Use Kafka to ingest real-time data

Apache Kafka can be used as a messaging system, a publish subscribe system, or as a streaming processing platform. It stores data to a log that can be read real-time, post processed, and can be read by multiple consumers at the same time.

Use Spark structured streaming to process real-time events

Apache Spark is an open-source distributed data processing engine that can be used in many circumstances to quickly process, query, analyze, and transform data at scale. Spark is commonly used to perform ETL and SQL jobs on big data, processing streaming data, and performing machine learning.

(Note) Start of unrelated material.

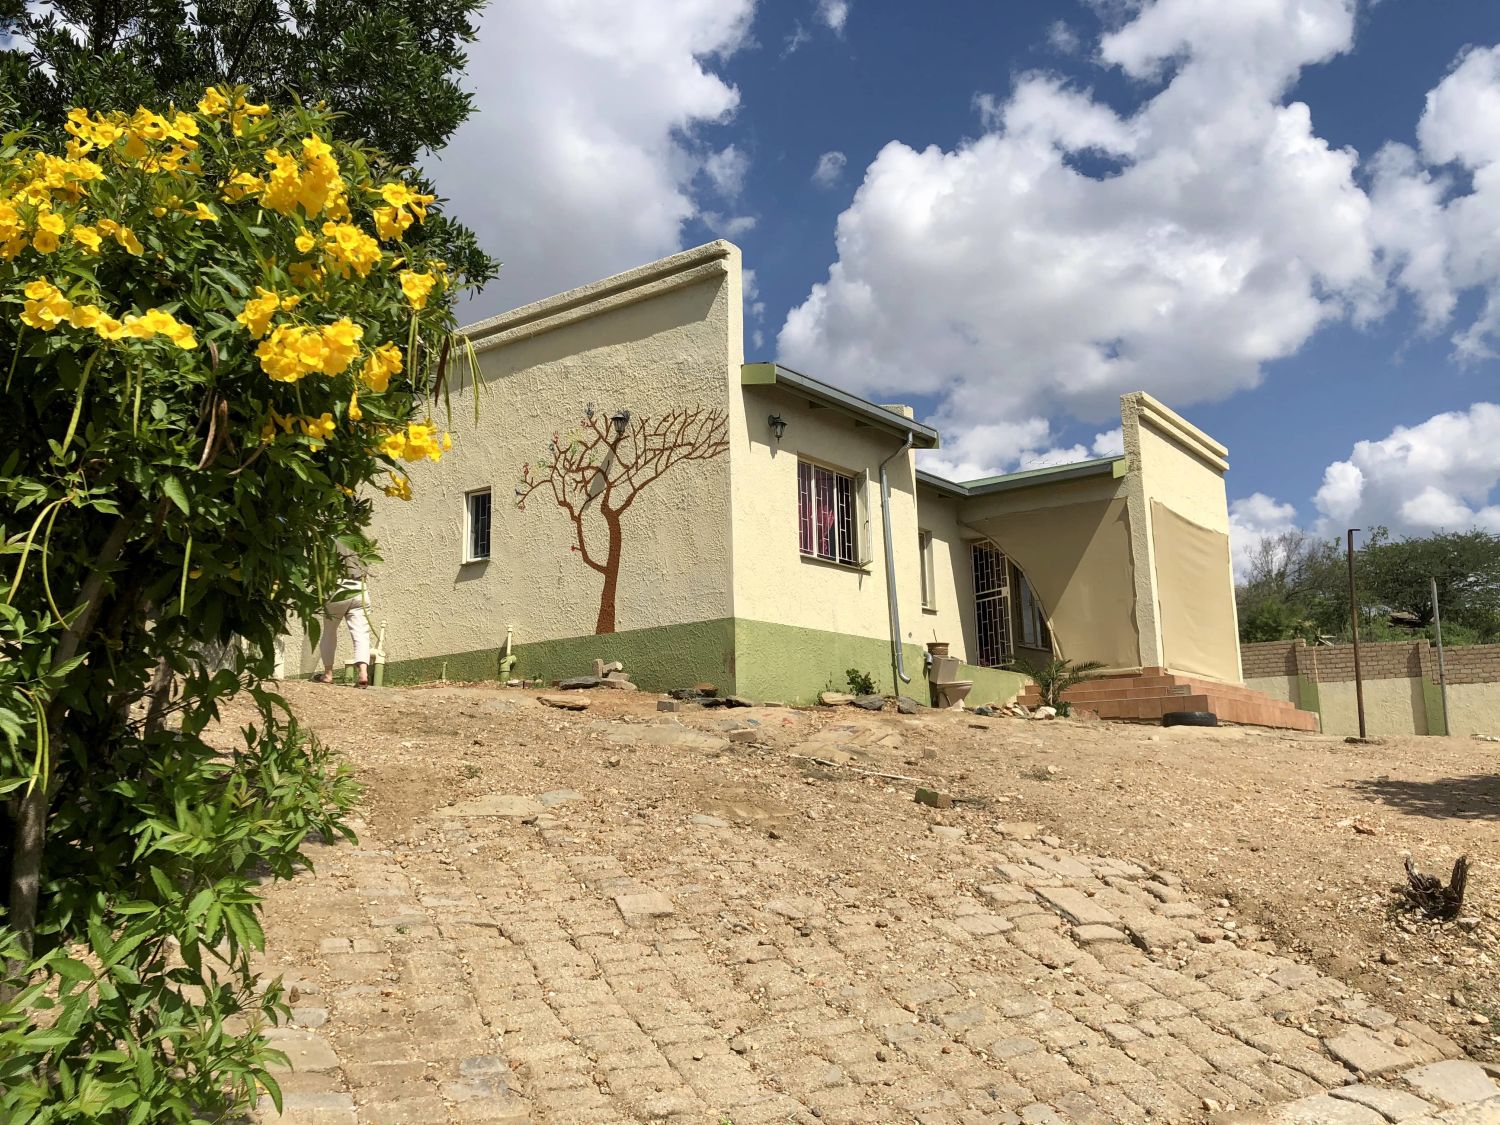 Das frisch gestrichene grün-gelbe Haus ist umgeben von eine schützenden Mauer. An der Seite des Hauses ist ein Baum gemalt worden und die großen Büsche im Garten tragen große gelbe Blumen.

Spark structured streaming has features unavailable on other platforms, such as fault tolerance guarantees, the ability to join batch and streaming data, the ability to handle late arriving data, and many more that we will learn more about later in this module. Also, with Azure HDInsight you can create a VNET that houses both your Spark and Kafka cluster. With both clusters in one VNET, the Spark cluster can access individual partitions of data within the Kafka cluster, instead of talking across clusters or endpoints. By providing access to individual partitions of data, you increase the parallelism you have in the real-time processing job, which gives you better throughput.

Scenarios for using Kafka with Spark

There are many real-time analytics scenarios that would benefit from the real-time streaming that Apache Kafka and Spark enable. All these scenarios have both a streaming data ingestion component, which is the Kafka component, and an analytical process running on the data, which is the Spark component.

Scenarios for using Kafka with Spark

  • real-time fraud detection to ingest financial transaction data and compare it to historical patterns of fraudulent behavior.
  • Fleet management and connected car scenarios in which you ingest IoT device data, and react when certain sensor data such as mileage, speed, location, or temperature data reaches a threshold.
  • Clickstream analysis on ecommerce solutions, to analyze how the page placement of products can influence impulse purchases and click throughs.
  • Real-time patient monitoring to watch blood-pressure and heart rate information and notify doctors when a patient is in a critical state.
  • Smart grid solutions that watch electrical use and respond as demands change.
  • Customer behavior in stores, to find out what purchases are made at certain times of day to schedule restocking and modify checkout lane staffing.
  • IT Infrastructure and network monitoring to watch for server availability and bandwidth and reroute traffic when needed.
  • real-time demand and inventory management to watch for low inventory levels and prompt re-order or restocking of those items.

Easy migration from batch to streaming

In many cases, these scenarios start on-premises, or with batch processing of data, but as solutions develop and needs evolve, batch processing moves to streaming, and on-premises applications move to the cloud. As mentioned above, Spark structured streaming is unique in its ability to handle both batch and streaming jobs, which make it easier to transition any batch processing you do into real-time jobs as you can transition from one to the other, or use them at the same time, using the same applications and frameworks.